As I recall, you have the "ability" (or is it a de facto requirement?) to opt out of education privacy protections when applying to college or graduate school. Will "optional" NCES waivers permitting the disclosure of one's educational data to, say, prospective employers, be as inconceivable as the bureaucrats claim? As with all bureaucratic promises, I'm skeptical.
In the good old days, "federalism" meant that certain government functions were the exclusive, or near-exclusive, domain of the states. Education policy was often at the top of the list. Now we have every level of government involved in every aspect of public policy, complete with taxing, spending, regulating and, perhaps most ominously, data gathering. Federal education funding, federal education regulation, federal education monitoring, and now federal education databases. Remind me again why No Child Left Behind was a good idea, and why it was passed by conservatives?
Some privacy-apathetic commentators like to point to the fact that there has never been a breach of privacy by the Census Bureau, so what's all the panic? That may be so (and I could say much about the Census regardless), but that impressive record owes to an express federal statute (and perhaps also from the Constitutional solemnity of the Census Bureau's function) rather than an intrinsic bureaucratic trait. Would the NCES take its responsibilities as seriously as the Census Bureau does? I doubt it.
And what lessons does comprehensive data gathering send to impressionable young college minds about the proper scope of government and their rights in a supposedly "free" society?
Tracking school performance can be easily accomplished by sampling, or alternatively by anonymous tracking (or here's a radical idea: pay students to participate in the tracking studies voluntarily). It's simply not as difficult to identify bad schools or bad teachers as the educrats claim. But more tracking, more studies and more research mean bigger budgets, bigger staffs, bigger influence -- and bigger headaches when the system gets abused, as it almost certainly would.
Without drawing the obvious analogies to the Solomon Amendments that were in the news yesterday, clearly a college student who receives federal student aid can be expected to abide by certain conditions and restrictions. But a student who takes nothing from the government should be free from government's curious eyes regarding his course selection, grades, post-collegiate plans, employment, extracurricular activities, etc.
Related Posts:
"Secure Flight" Revisited
Why Subsidize Law School, Especially Bad Law School?
Why Subsidize Student Loans?
The Ghost of Dale Continues to Haunt
(Cross-linked at Outside the Beltway.)
A proposal by the federal government to create a vast new database of enrollment records on all college and university students is raising concerns that the move will erode the privacy rights of students.
Until now, universities have provided individual student information to the federal government only in connection with federally financed student aid. Otherwise, colleges and universities submit information about overall enrollment, graduation, prices and financial aid without identifying particular students.

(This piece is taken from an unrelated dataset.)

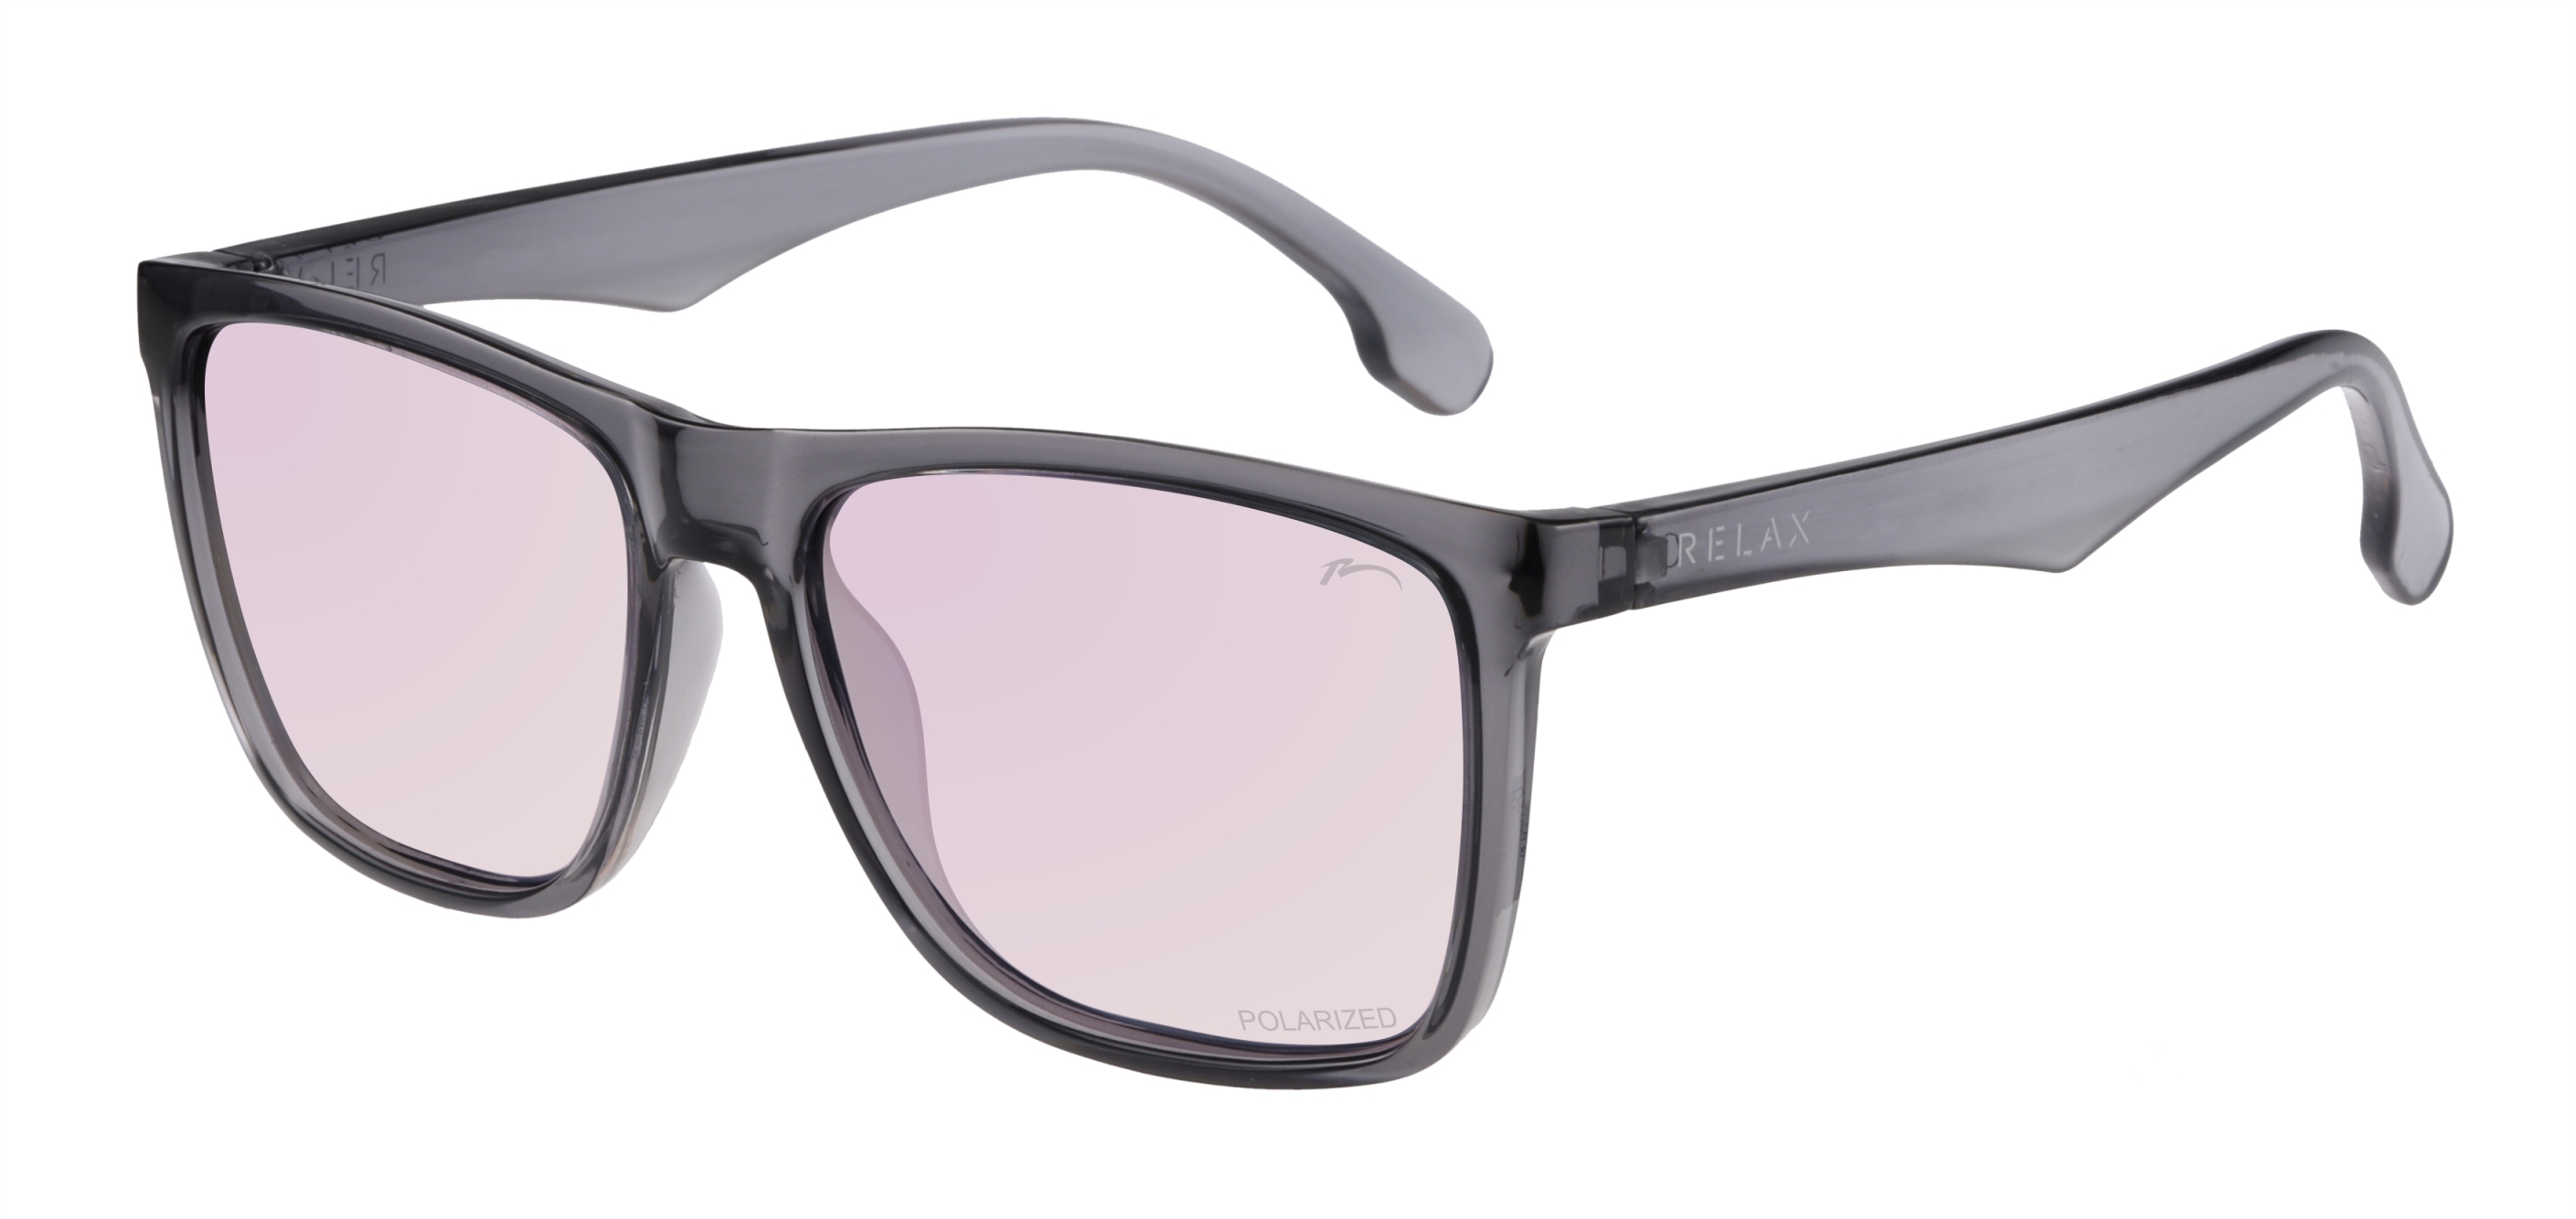 Polarized sunglasses  Relax Alburry R2358C standard

For the first time, however, colleges and universities would have to give the government data on all students individually, whether or not they received financial assistance, with their Social Security numbers.
The bid arises from efforts in Congress and elsewhere to extend the growing emphasis on school accountability in elementary and high schools to postsecondary education. Supporters say that government oversight of individual student data will make it easier for taxpayers and policy makers to judge the quality of colleges and universities through more reliable statistics on graduation, transfers and retention.
...
Under the proposal, the National Center for Education Statistics at the Department of Education would receive, analyze and guard the data. In making its case for the change, the center points to a history of working with student information and says it has never been forced to share it with law enforcement or other agencies.
...
A department overview of the proposal insisted that data would not be shared with other agencies and that outsiders could not gain access. By law, the summary says in capitals, "Information about individuals may NEVER leave N.C.E.S."
Hogwash. Does anyone truly believe that some fourth-tier bureaucrat from a third-tier branch of a second-tier cabinet office is going to defy a judge's subpoena or an inquiry from Homeland Security? Please.
As I recall, you have the "ability" (or is it a de facto requirement?) to opt out of education privacy protections when applying to college or graduate school. Will "optional" NCES waivers permitting the disclosure of one's educational data to, say, prospective employers, be as inconceivable as the bureaucrats claim? As with all bureaucratic promises, I'm skeptical.
In the good old days, "federalism" meant that certain government functions were the exclusive, or near-exclusive, domain of the states. Education policy was often at the top of the list. Now we have every level of government involved in every aspect of public policy, complete with taxing, spending, regulating and, perhaps most ominously, data gathering. Federal education funding, federal education regulation, federal education monitoring, and now federal education databases. Remind me again why No Child Left Behind was a good idea, and why it was passed by conservatives?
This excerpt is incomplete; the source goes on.